I've tried Linux and it is a much more efficient OS. However, unless you are a computer geek (not me) it can be very difficult to get things working the way you want. There is also the lack of applications compared to Windows. I like Win7. I tried XMBC but it didn't do it for me the way MC7 does.


----------



## chrapladm

XBMC is free is MC7?

Have never heard of it so I didn't know. Someone mentioned J River to me before but thats something else I would have to buy. So free is the budget for now.

Funny think is I just realized I am using Win7 OS now on my laptop.:rolleyesno: Never even noticed what it was.


----------



## RTS100x5

Yes XBMC is a very FREE versitle, skinable, network streaming. etc etc Media player. I was testing it on some BLU RAY files last night and have to say I was impressed. My reference player is TOTAL MEDIA THEATER platinum edition....

http://xbmc.org/download/

:sn:


----------



## Guest

chrapladm said:


> Haven't ever tried Win7 yet so nothing is in stone yet. I would most likely use windows, perhaps Win7, because of ease but there will always be a apart of me that wants to try and be different.
> 
> But if it is THAT difficult to load (Linux) then I might need to try and learn more about Win7.


Ubuntu and Ubuntu based XBMC live is very easy to load. I also think the settings are way easier then WMC. My only complaint, my Windows WMC remote doesn't work with XBMC live. I just got a radio wireless media keyboard. It's just smaller and has a scroll mouse built in. Doesn't need line of site to work.

If you want to play back Blu-Ray disk, it might be worth it to use Win7 and Total Media Theater. I've read that their is a hack to get XBMC to be able to play back the files on blu-ray disk, it is not supported in anyway. I haven't tried it.


----------



## chrapladm

Ok I am slowly getting there but I still need a case and some software. Now I am just wondering which software should I get?

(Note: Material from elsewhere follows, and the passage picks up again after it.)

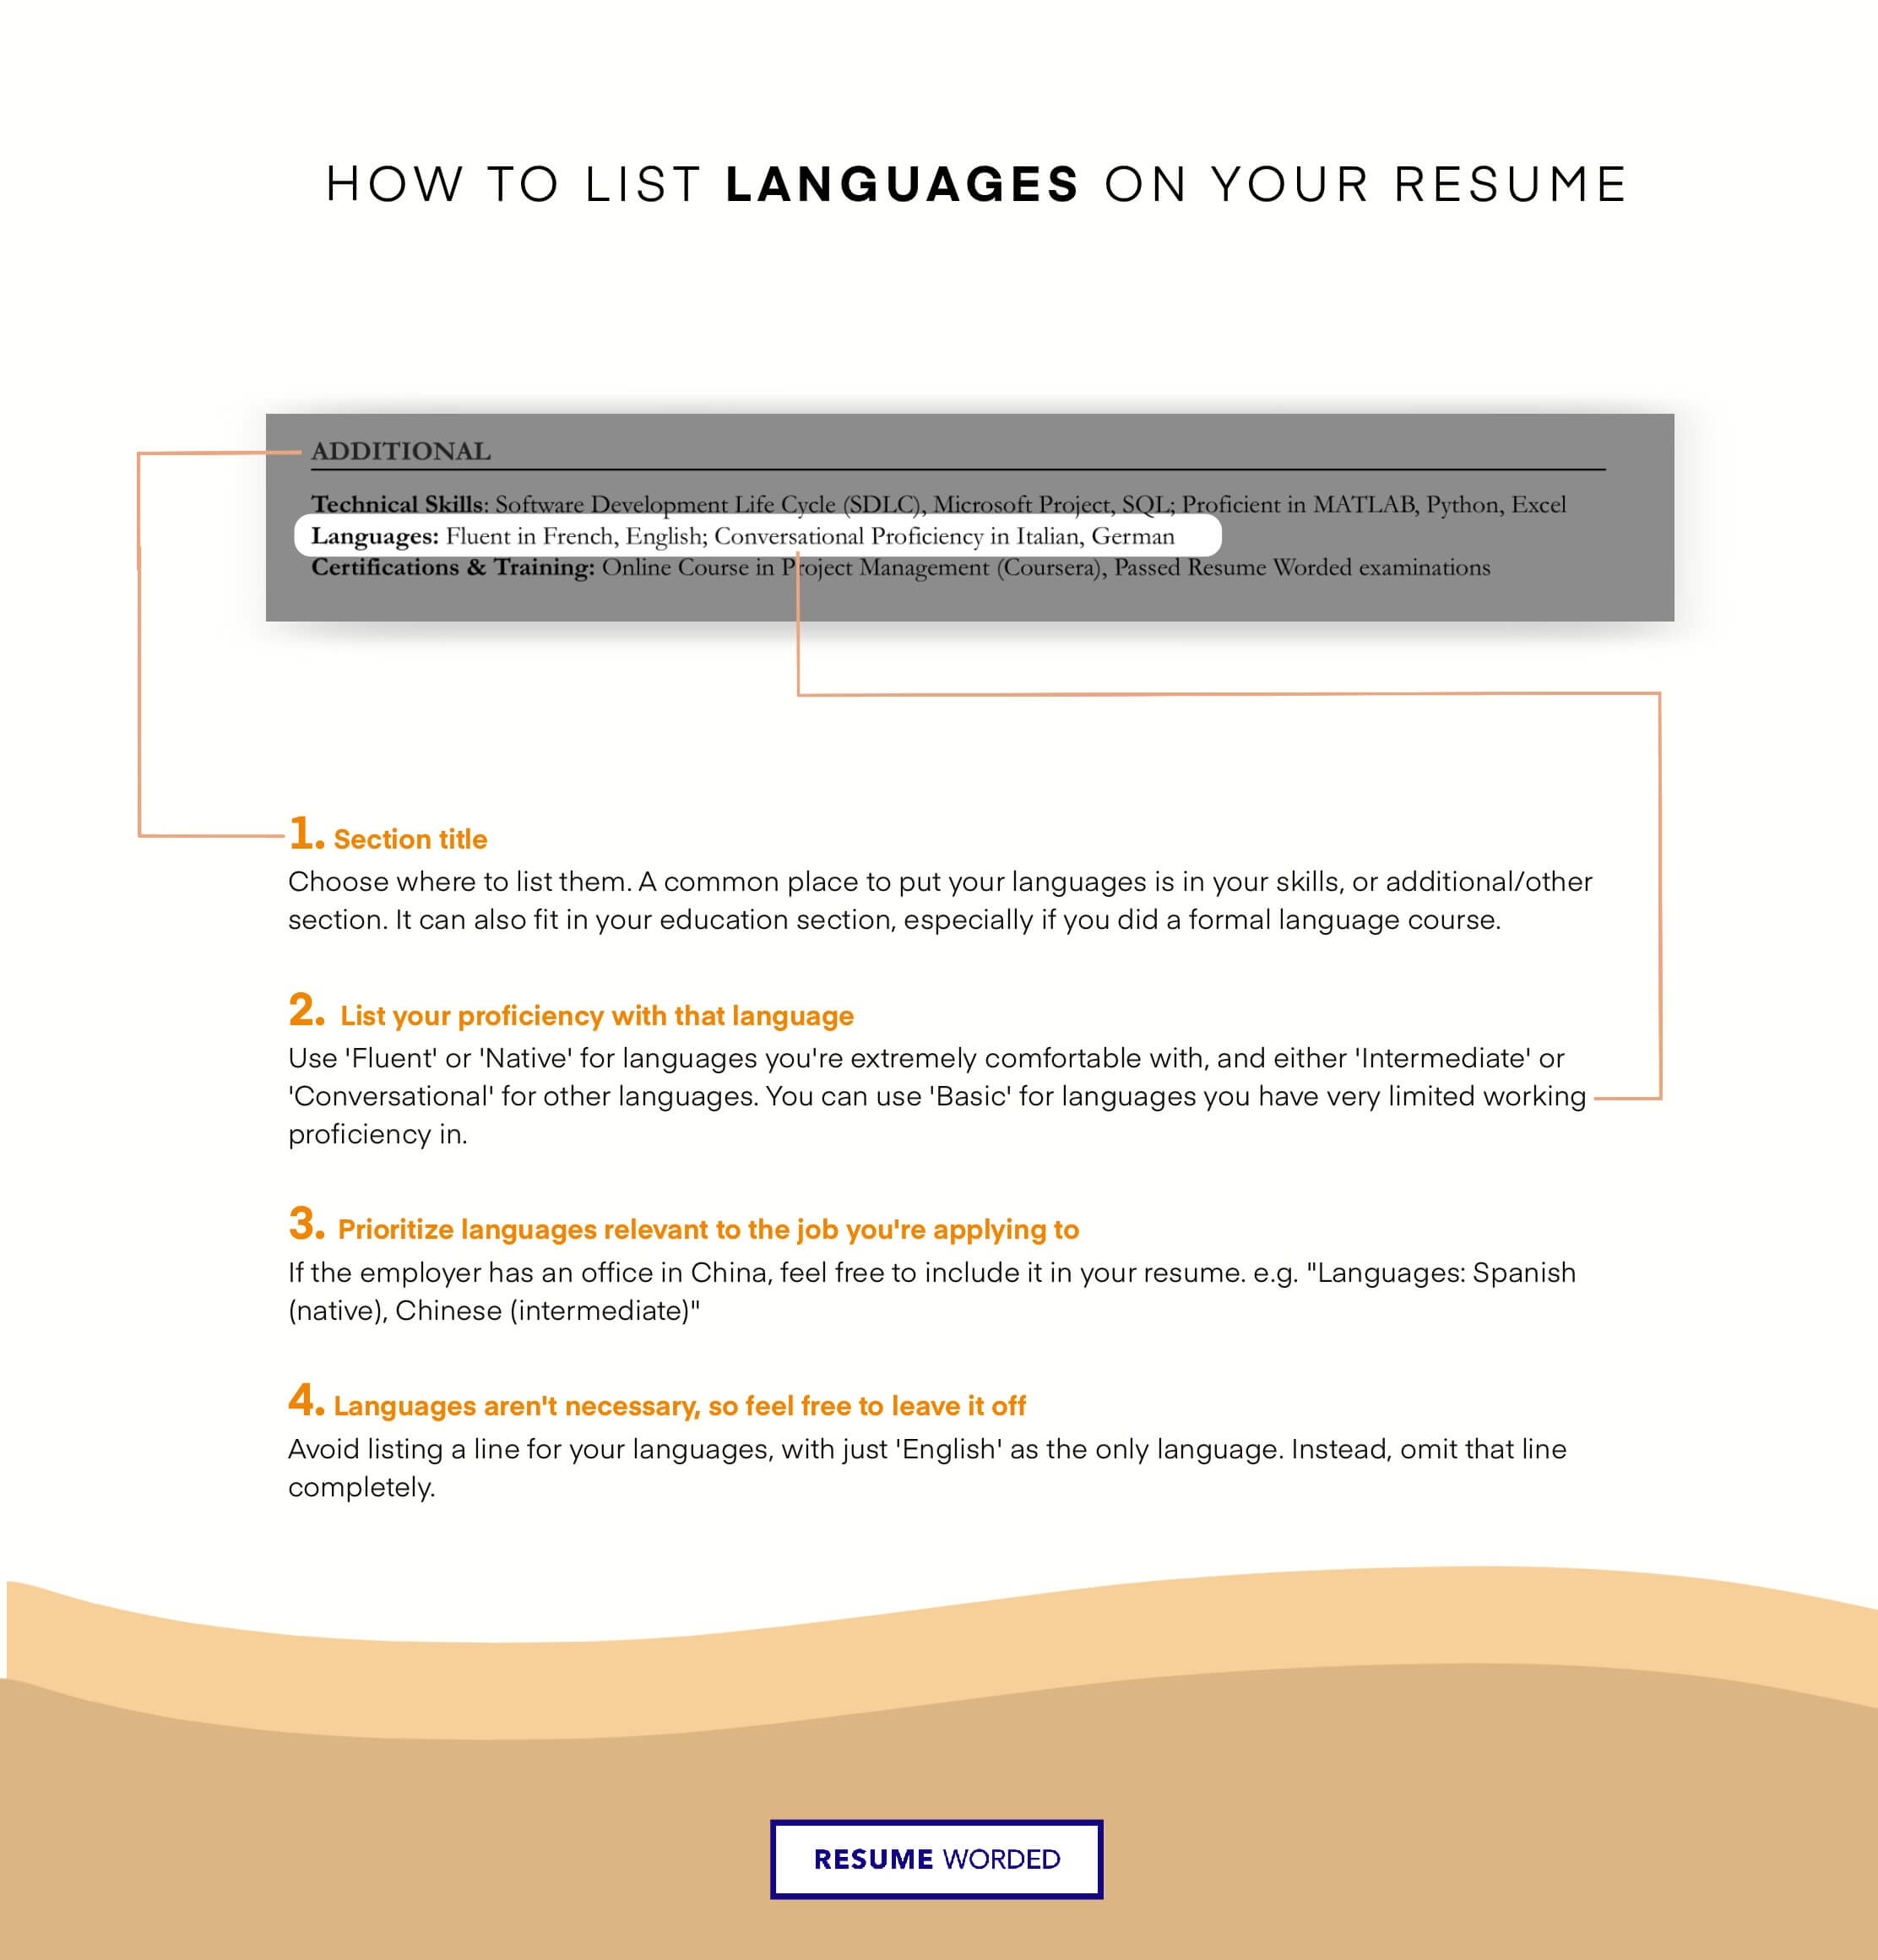 Include all languages spoken if applying to an international company. - Enterprise Account Executive Resume

I was looking at different windows and I dont really know which one to get. I totally forgot about this for the budget so I am not sure which will work. Like I said this will be mainly a computer for everyone to stream and download from. And of coarse I will use the computer on a regular basses.

Thanks


----------



## eugovector

Windows 7 Home Premium or higher, Windows MediaCenter or XBMC if you want a media front-end.


----------



## chrapladm

Does WMC play BR?

I cant remember what the gripe was about XBMC and BR or something?

I like the look of XBMC and hopefully I can find a place for a student to buy the Win 7.


----------



## eugovector

I know they have deal for US students. Might work international as well: http://www.microsoftstore.com/store/msstore/cat/categoryID.37826100

You'll need a separate app to play blu-ray in Windows Media Center. XBMC + Blu-ray instructions are available with an internet search.


----------



## vann_d

Neither of them play Blu-ray. You need a 3rd party software player like Total Media Theater, Power DVD, etc. Then you have to get it to integrate properly with XBMC or Windows Media Center. This has been an annoyance for me. 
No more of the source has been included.